I'm in California only about an hour from Disneyland so it was perfect! I looked through many of the possible options. Many of them were full, required a long term commitment (which I can't give because I'm only here for a few months), or required extensive paperwork and application processes.
I finally found the one that was perfect for me. It was a volunteer judge position with the Save Me a Spot in College contest. All I had to do was read a batch of 30 written entries for this contest and submit my top three favorites. Easy enough right?
I found out this morning after I received and read my first batch that it is far from easy.
My particular batch of essays comes from a group of 8th grade children. A lot of whom are the first generation of their family to be born in this country. Even more of them have parents who did not get to go to college.

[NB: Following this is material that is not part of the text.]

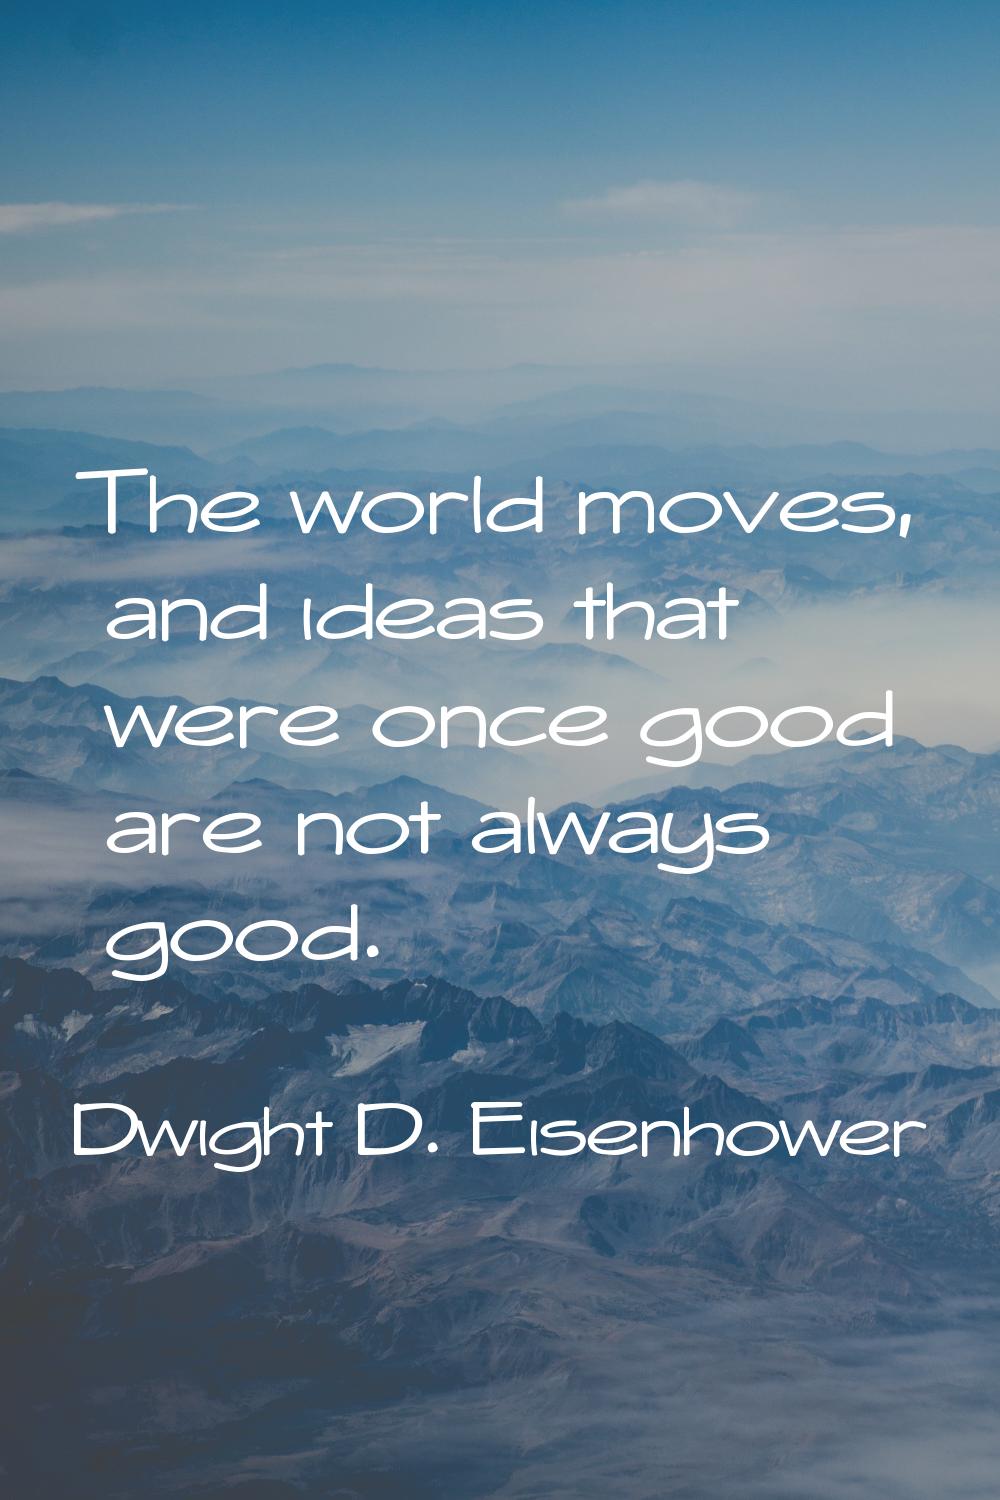 The world moves, and ideas that were once good are not always good.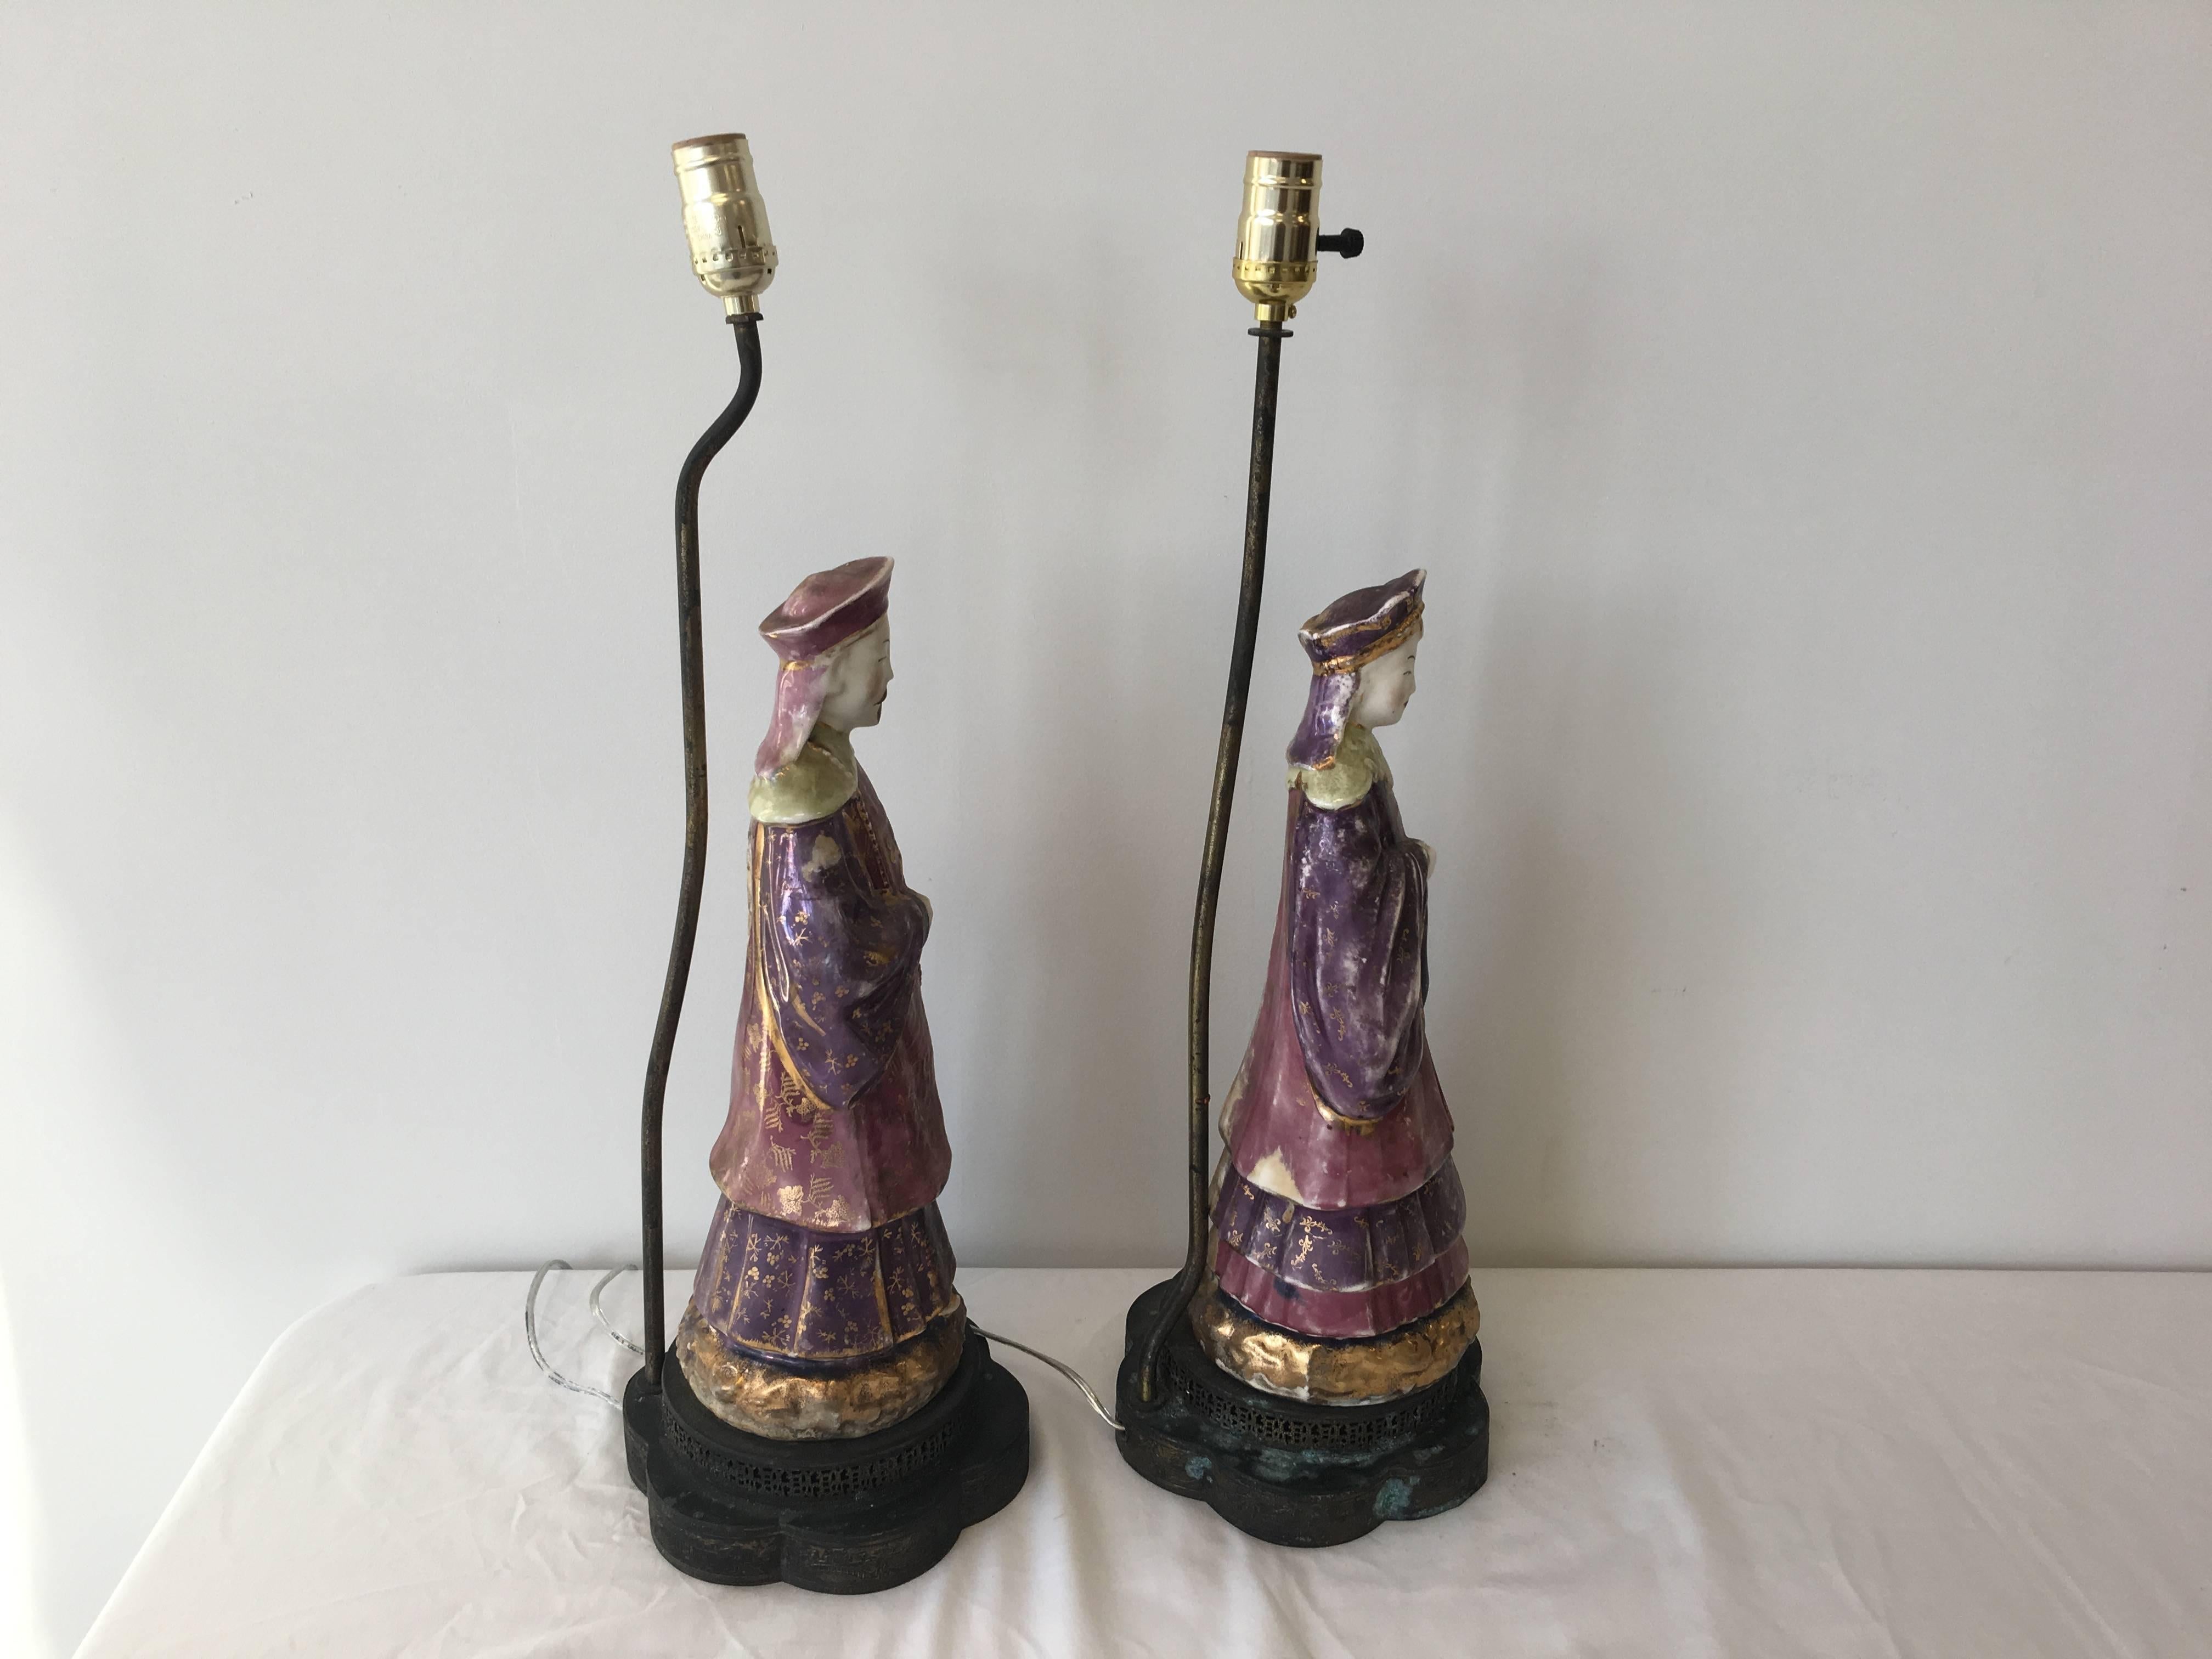 1920s Asian Emperor and Empress Statue Lamps 1

Now the task of picking only three out of 30 children hoping to go to college seems really, really hard. How do you decide which of these deserving and needing children gets an opportunity for a college scholarship? I only get to know about these kids in 400 words or less, and it is both not enough and way too much. Getting a scholarship to college could potentially change the lives of these students. How am I qualified to decide this?
When I know what doors college has opened for me, I certainly cannot take the responsibility of giving a child a chance to go to college lightly.
Notes: These are paraphrased not direct quotes:
One essay said:
I bet you dreamed of going to college too. Now look at you! You reached your goals and now have the chance to give kids like me the same opportunity.
another said:
I want to prove that poor girls can graduate college just the same as rich girls.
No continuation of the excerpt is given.